0

Multibyte strings — mbstring extension, mb_strlen vs strlen

Intermediate5 min read·php-03-007
interview

Concept

The mbstring extension provides multibyte-aware string functions — the safe replacement for PHP's byte-string builtins when dealing with UTF-8, UTF-16, Shift-JIS, or other multi-byte encodings. Without mbstring, standard functions like strlen, substr, and strtolower silently corrupt non-ASCII text.

The core problem: PHP's strlen('é') returns 2 because é is encoded as 2 bytes in UTF-8. substr('café', 0, 3) returns 'caf' plus half of the é byte sequence — a broken string. strtolower('HÉLLO') leaves É uppercase because it only handles the ASCII range.
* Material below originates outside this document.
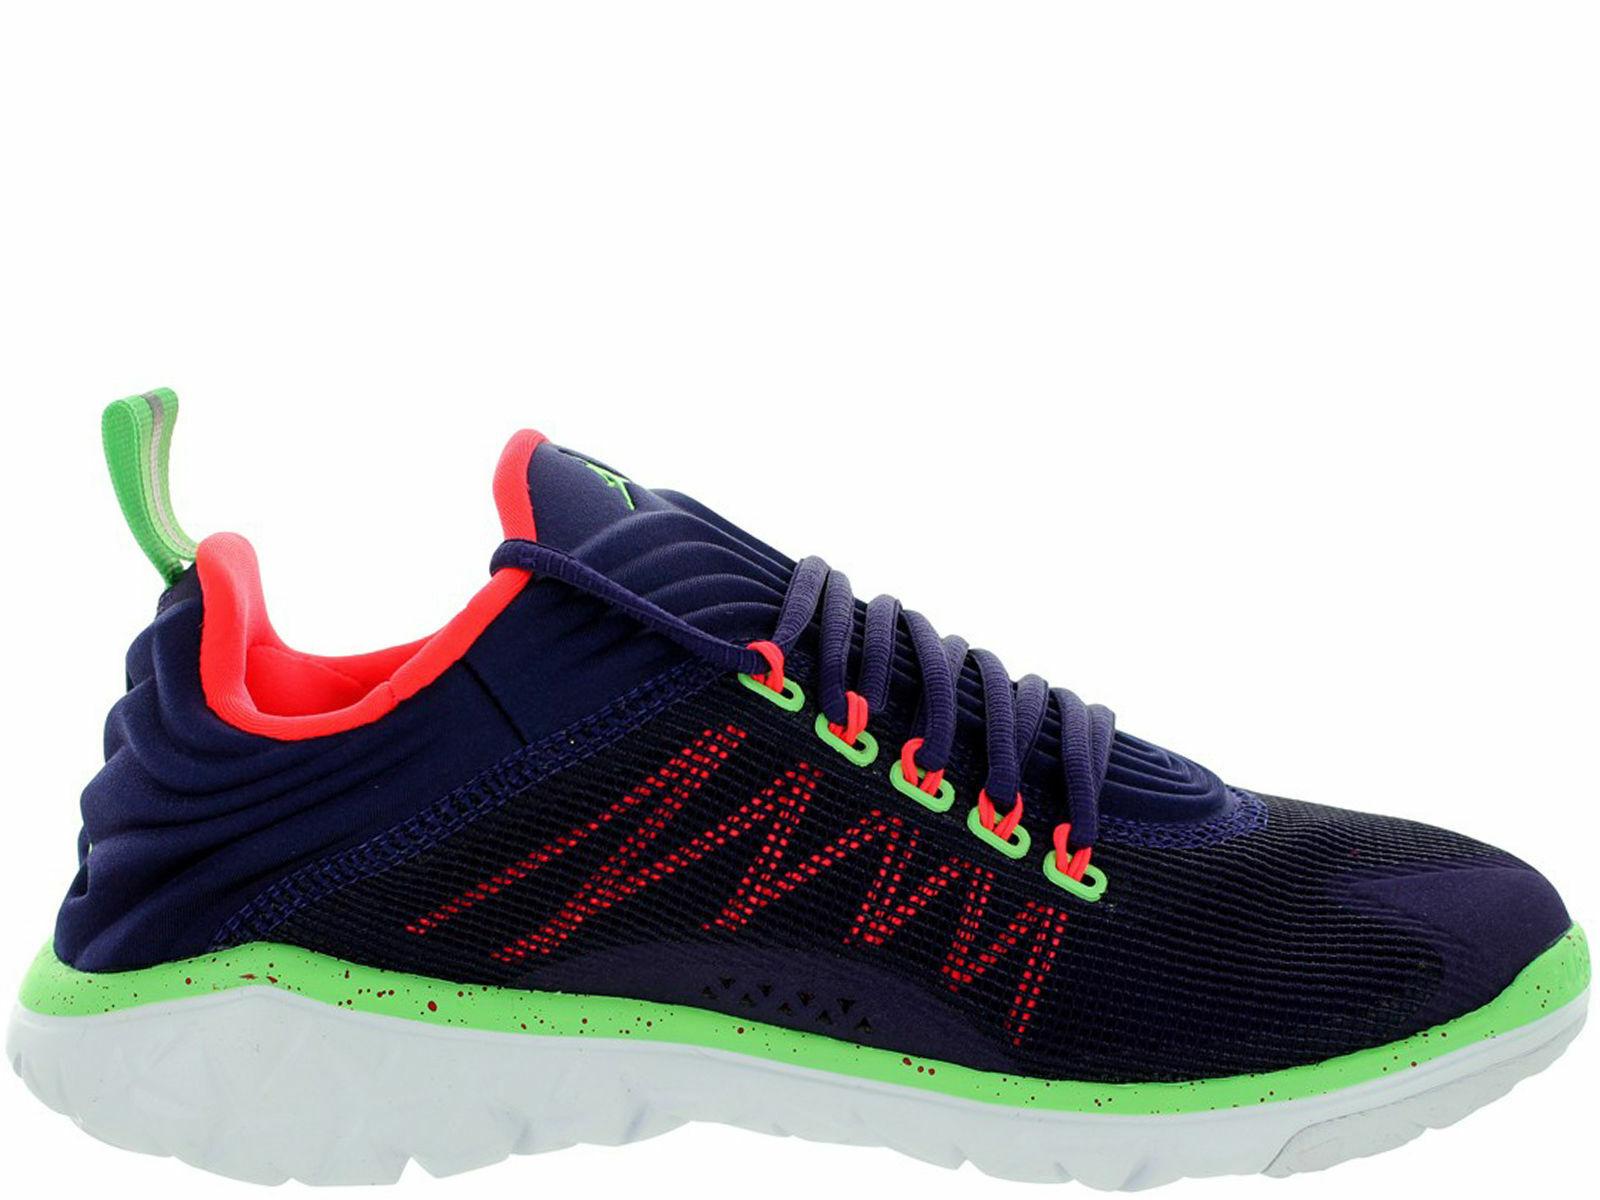 Mens New Jordan 654268 532 Flight Flex Trainer Athletic Fashion Sneakers 11 US
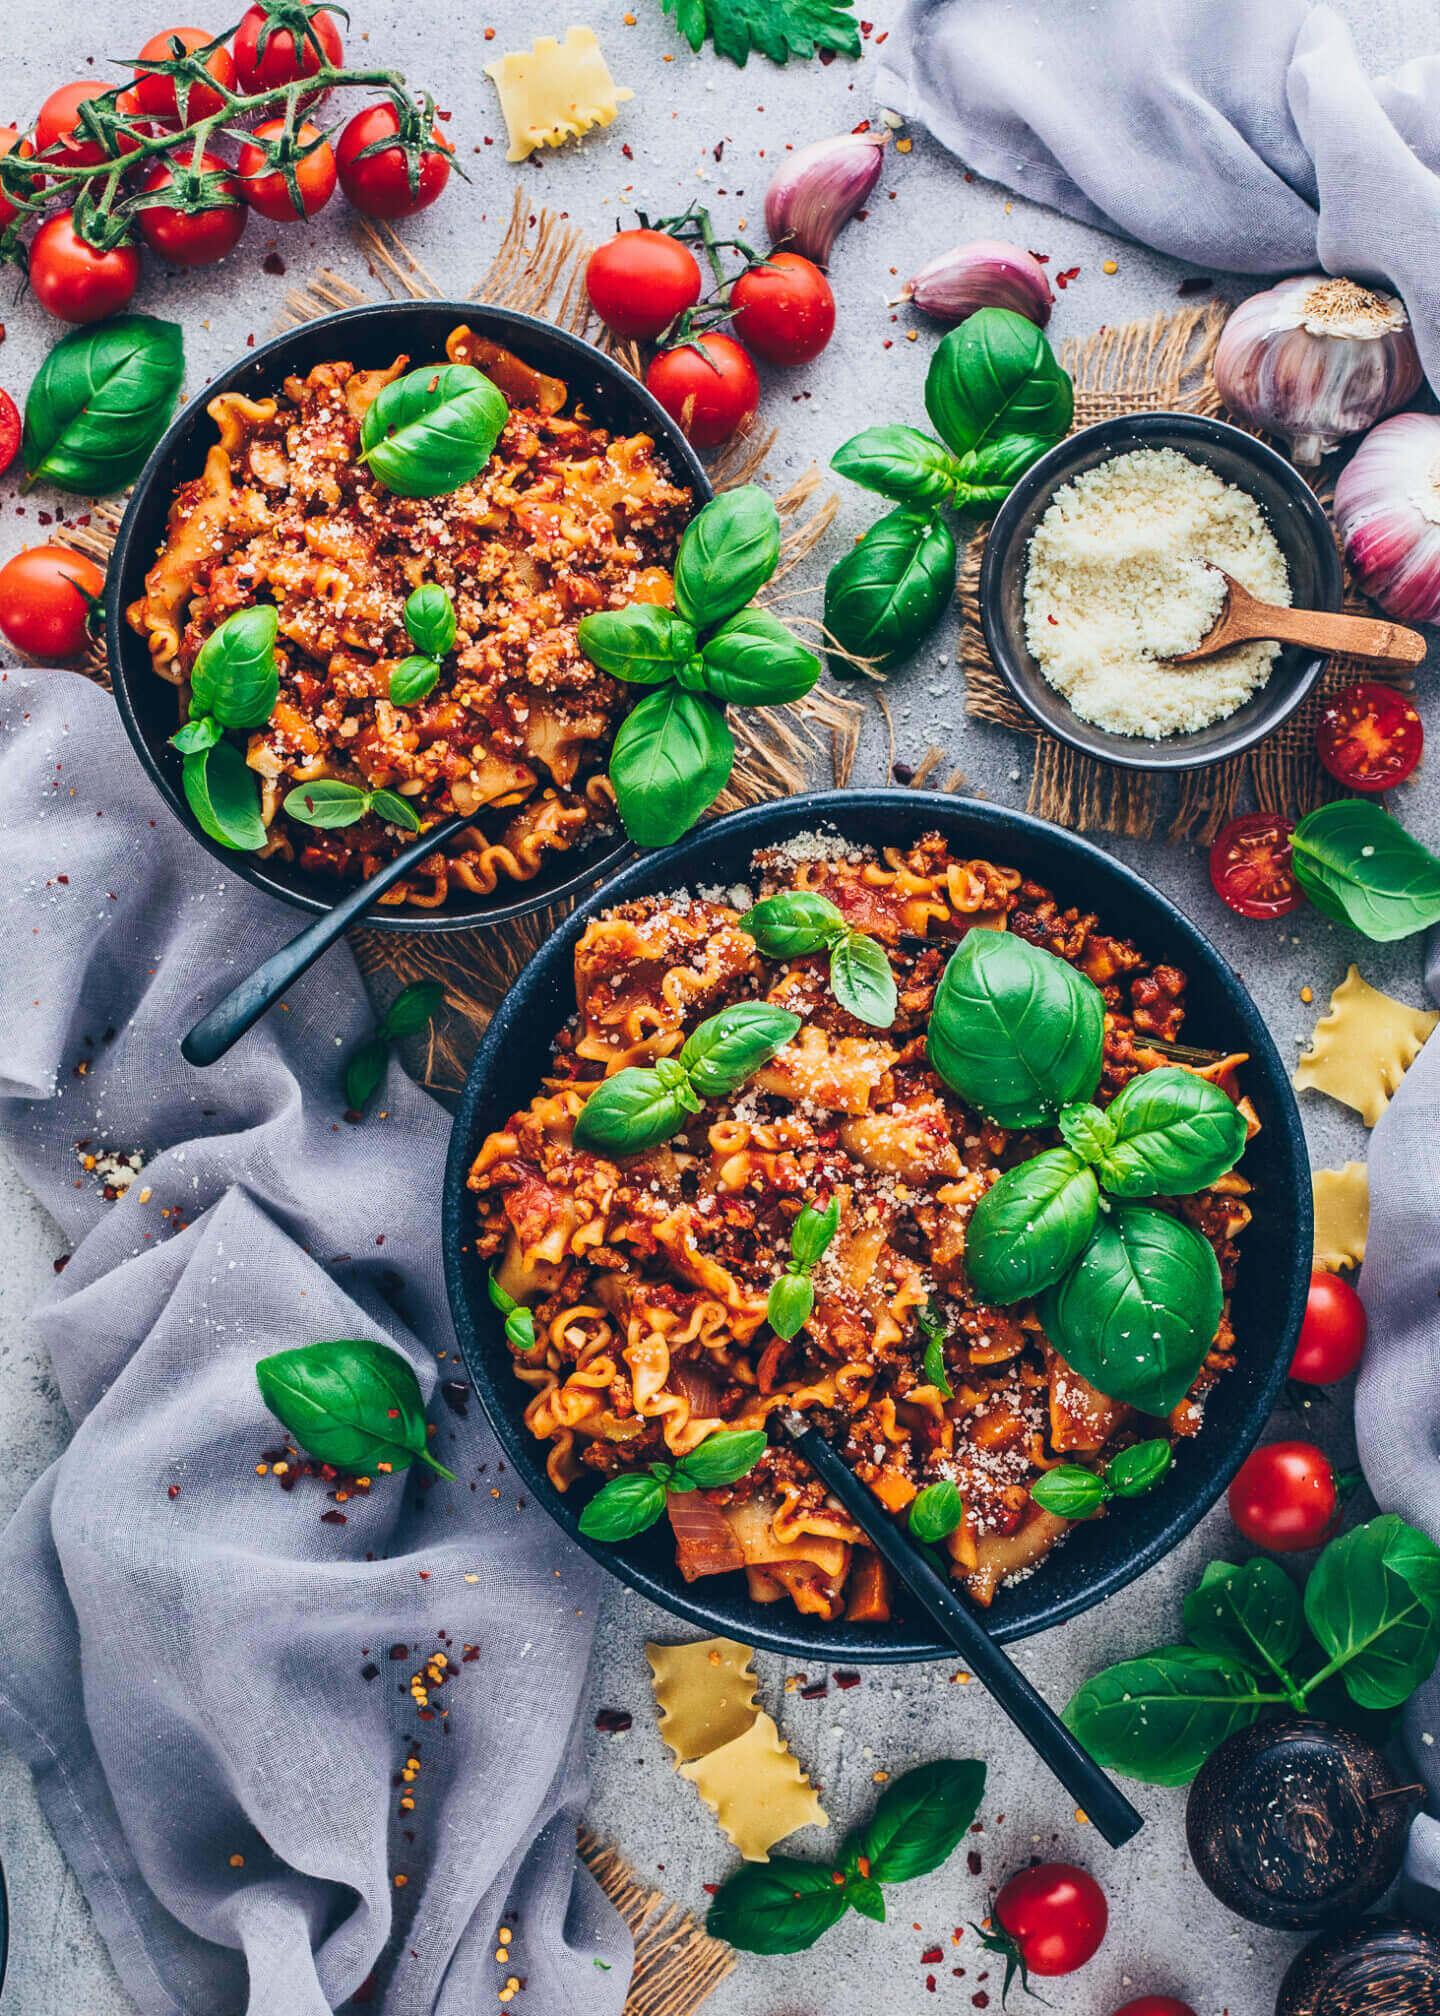 Vegan Lasagna Soup with cashew parmesan, tomatoes, and basil

Key mb_* functions: mb_strlen (character count, not bytes), mb_substr (character-based slicing), mb_strtolower/mb_strtoupper (Unicode case folding), mb_strpos (character-based search), mb_convert_encoding (transcode between encodings), mb_detect_encoding (guess encoding from byte patterns), mb_internal_encoding (get/set the default encoding for all mb functions).

Best practice: Set mbstring.internal_encoding = UTF-8 in php.ini (or call mb_internal_encoding('UTF-8') at bootstrap). This makes all mb_* functions default to UTF-8 without needing the encoding parameter on every call.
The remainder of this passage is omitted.